Danish company Novozymes passed around a packet of baking mix containing new enzymes that keep the bread fresher longer and promise to lower costs for the baking industry and increase the shelf life of its products.

Cargill Dow handed out T-shirts made from a corn-derived biopolymer called PLA. Giorgio Armani will make clothing based on PLA, which can also be converted into biodegradable plastic. Electronics makers like Sony and Fujitsu intend to use PLA for portable music players, laptops and other products. Toyota is considering it for a biodegradable car.

Brent Erickson, a vice president at Bio, played up the technology’s environmental benefits. "Even Europeans are enthusiastic about the green applications of industrial biotech," he said, drawing chortles.

But the government needs to set more specific environmental targets, which manufacturers could then turn to industrial biotechnology to achieve, said John Ranieri, vice president of biobased materials at DuPont.

For their part, investors were most concerned about profitability.

While Cargill Dow is rapidly lining up partners for PLA, for example, it still needs to show a return on its enormous development investment of $750 million.

Given the capital needed and the weak investment climate, many agreed that companies must cooperate.
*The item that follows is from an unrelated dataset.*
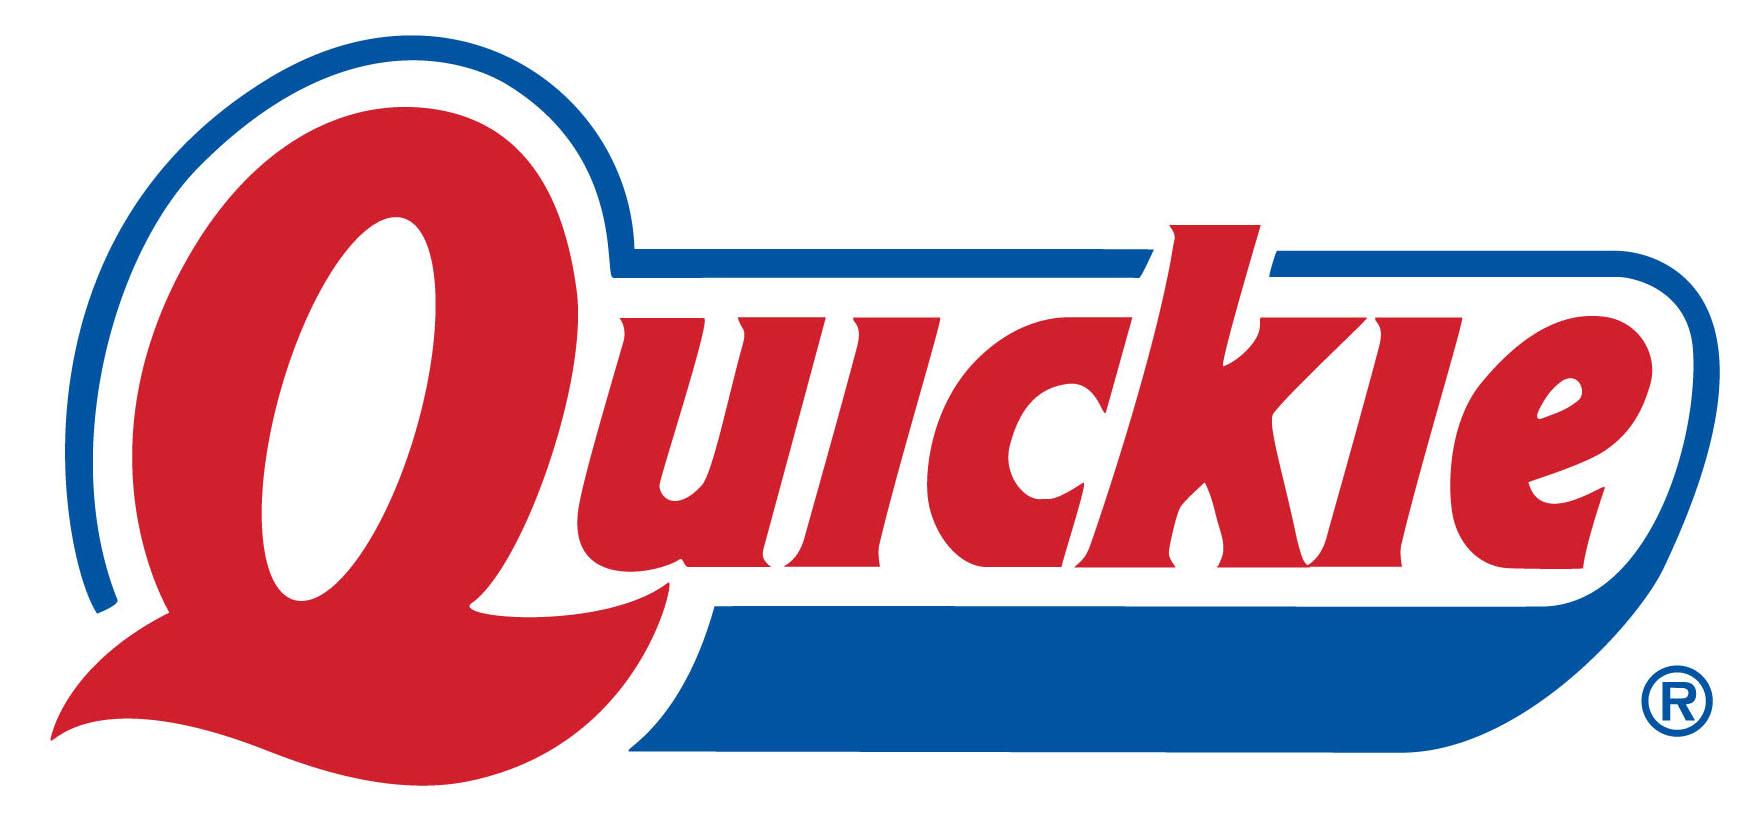 mbns18_Quickie Logo Microban Partner

Networking is key, said Ranieri.

Case in point: DuPont had known about a superior polymer called Sorona for 50 years, but production costs made it uncompetitive. Working with a venture called Genencor, it found a microorganism that produces Sorona’s basic building block. The biobased solution cost two to three times less than making it at traditional chemical facilities.
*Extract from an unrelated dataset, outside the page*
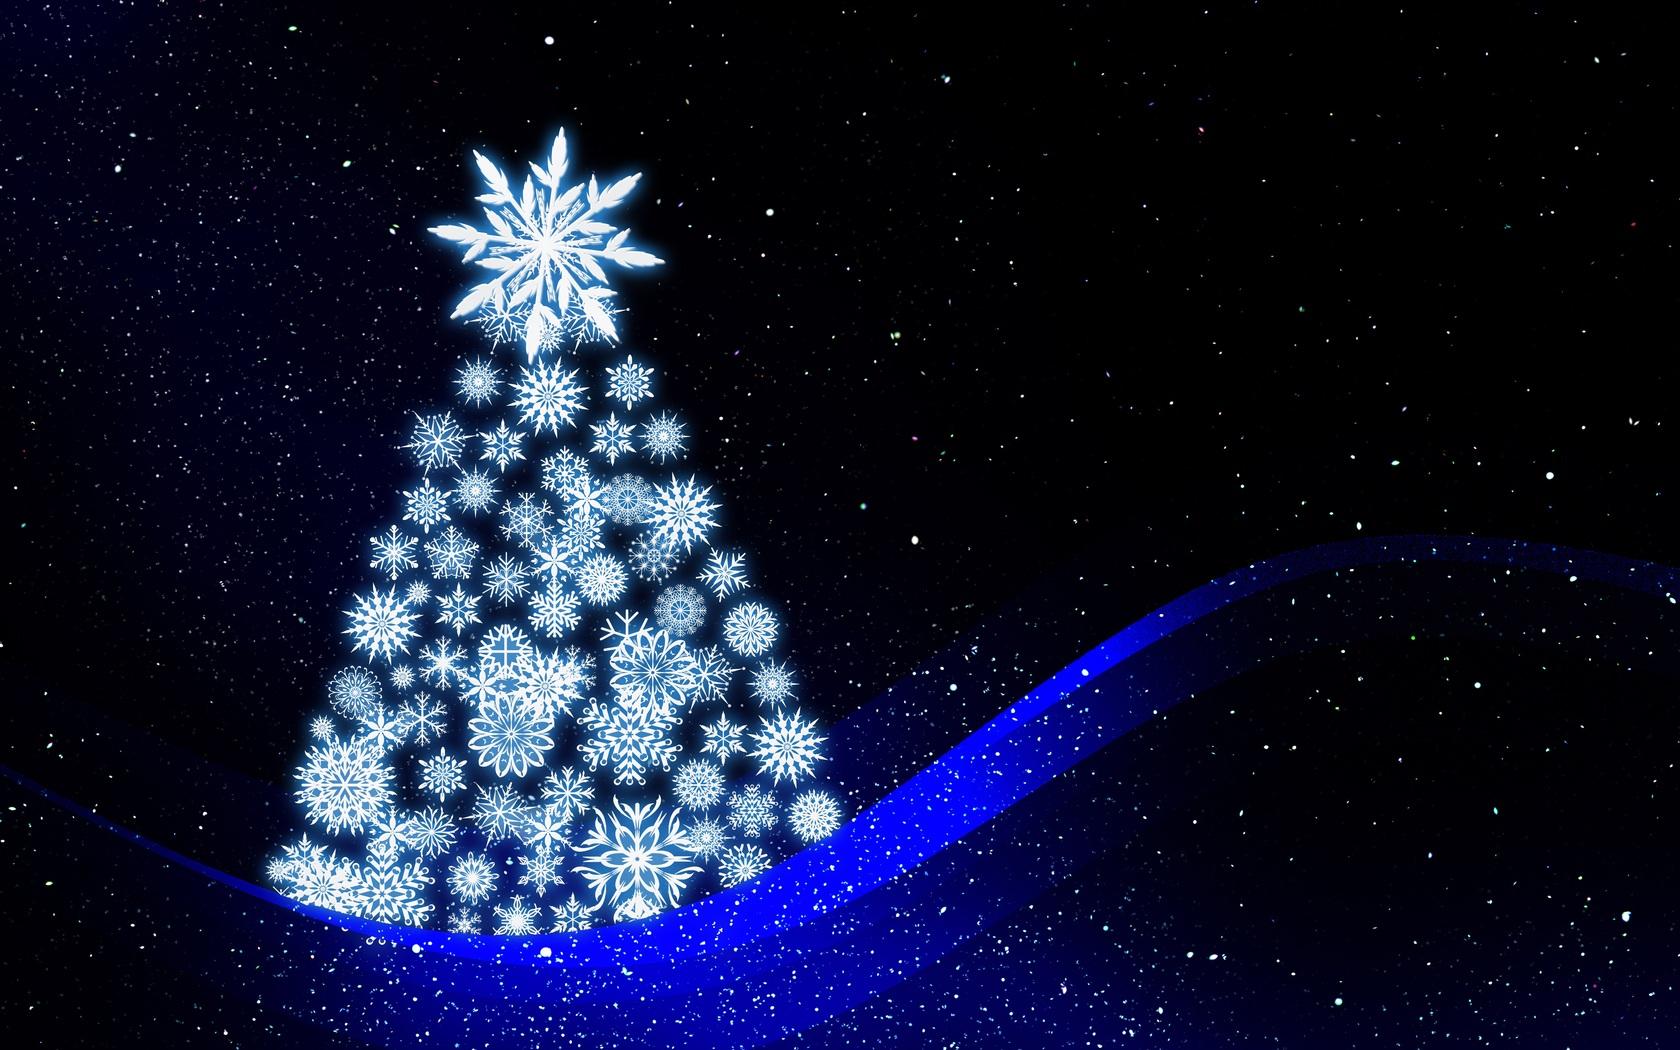 christmas-tree-lights-illustrations-1w.jpg

Industrial biotech got a boost from government recently, when the Department of Agriculture announced a task force to consider a national institute that would focus on, among other things, industrial biotech applications.

"It’s politically popular on both sides of the aisle in Congress," said Bio’s Erickson, "because growing a bio-economy could bring new jobs and investment for rural America, while reducing our dependence on petroleum."

Still, investors are twitchy, and the heat is on to show profits — particularly for small ventures.

An interesting thing about those corn-based T-shirts: They’re good at wicking sweat from the body. In the current investment environment, that could make them very popular.